- Marion County Courthouse and Sheriff's House
- U.S. National Register of Historic Places
- The Marion County Courthouse in 2015
- Interactive map of Marion County Courthouse and Sheriff's House
- Location: Fairmont, West Virginia
- Coordinates: 39°29′6″N 80°8′37″W﻿ / ﻿39.48500°N 80.14361°W
- Built: 1897-1900
- Architect: Yost & Packard
- Architectural style: Beaux-Arts (Courthouse); American Foursquare (Sheriff's house)
- NRHP reference No.: 79003149
- Added to NRHP: May 29, 1979

= Marion County Courthouse (West Virginia) =

The Marion County Courthouse is a Beaux-Arts style building in Fairmont, West Virginia, in the United States.

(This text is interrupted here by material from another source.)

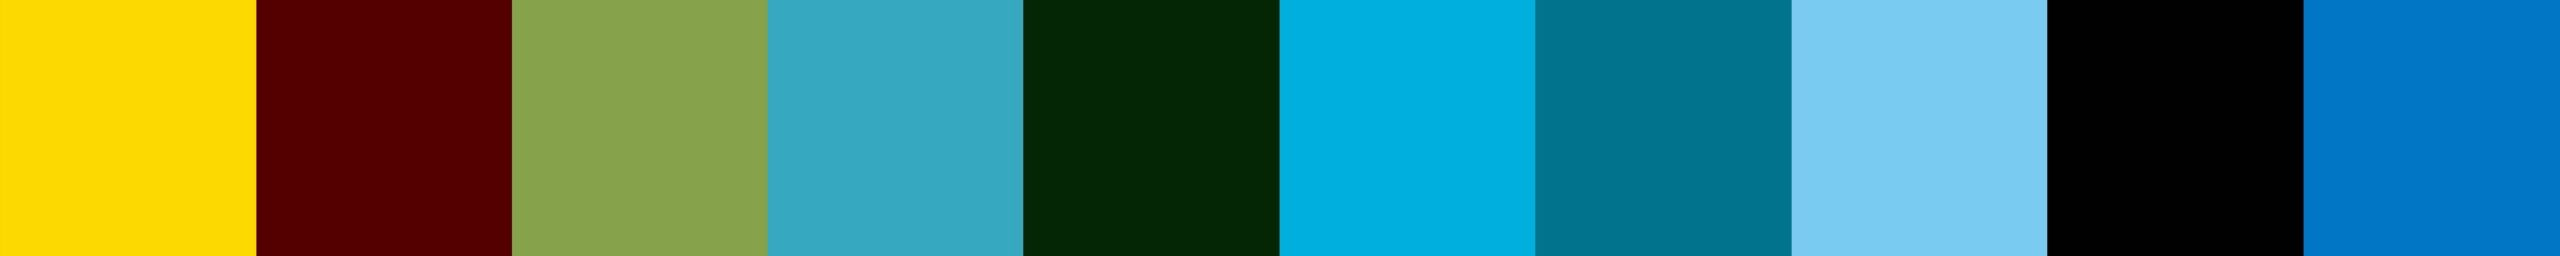 93 Berrama Color Palette

The courthouse was constructed from 1897 to 1900, and was designed by the architectural firm of Yost & Packard of Columbus, Ohio. Its dome is topped by a figure carrying the scales of justice.

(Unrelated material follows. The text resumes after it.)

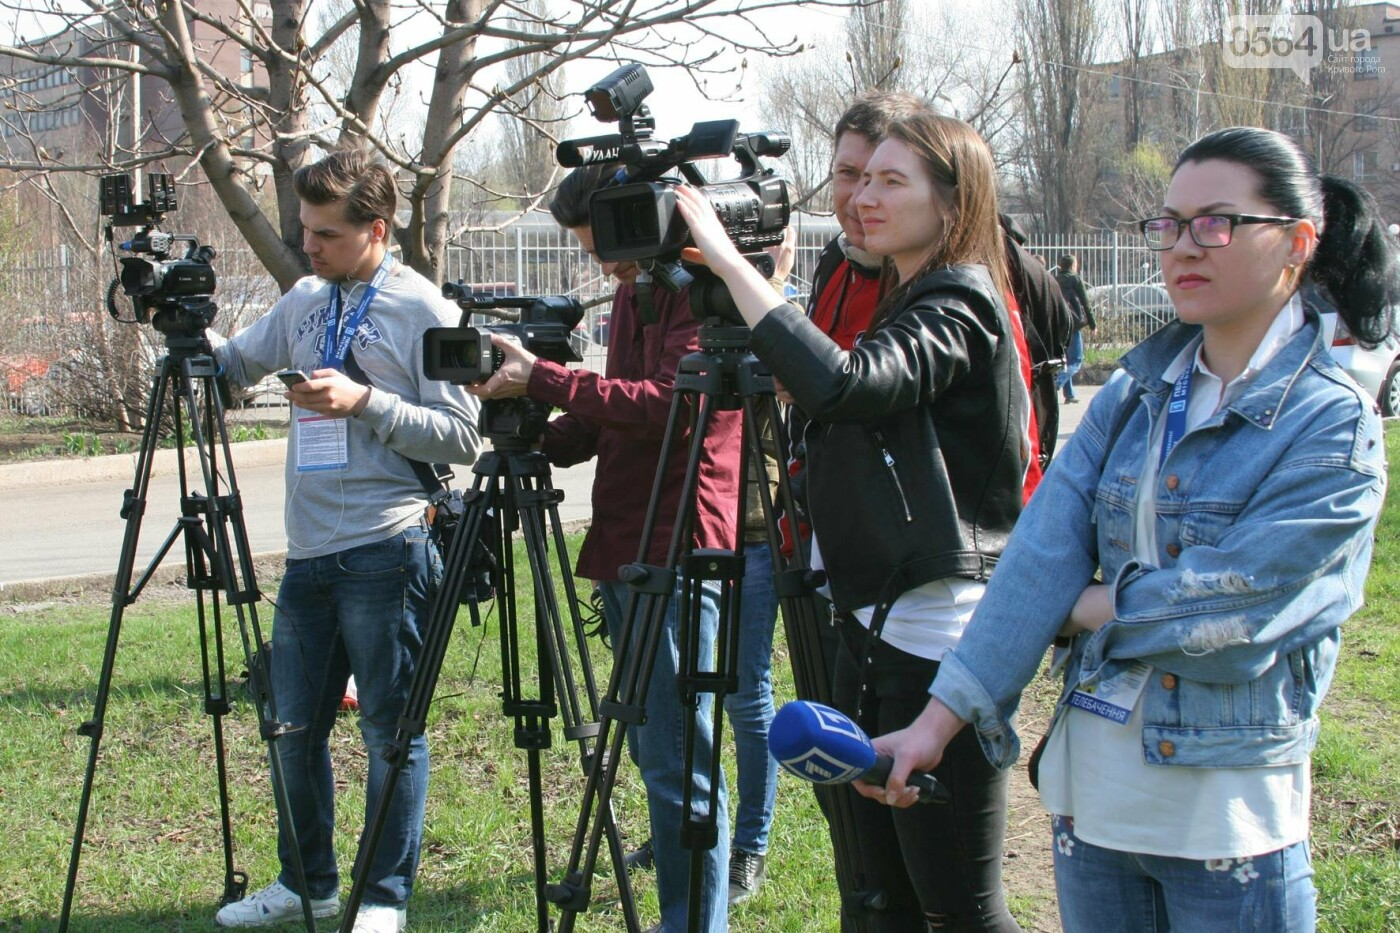 Криворожские журналисты с друзьями высадили более сотни деревьев и вывезли 4 грузовика мусора (ФОТО), фото-12

The courthouse, located at the intersection of Adams and Jefferson Streets in downtown Fairmont, and the adjacent American Foursquare-style sheriff's residence, were jointly added to the National Register of Historic Places in 1979 for their architectural, artistic and governmental significance.

== Popular culture ==
- Scenes in the film The Bad Guarduan were filmed in the Marion County Courthouse.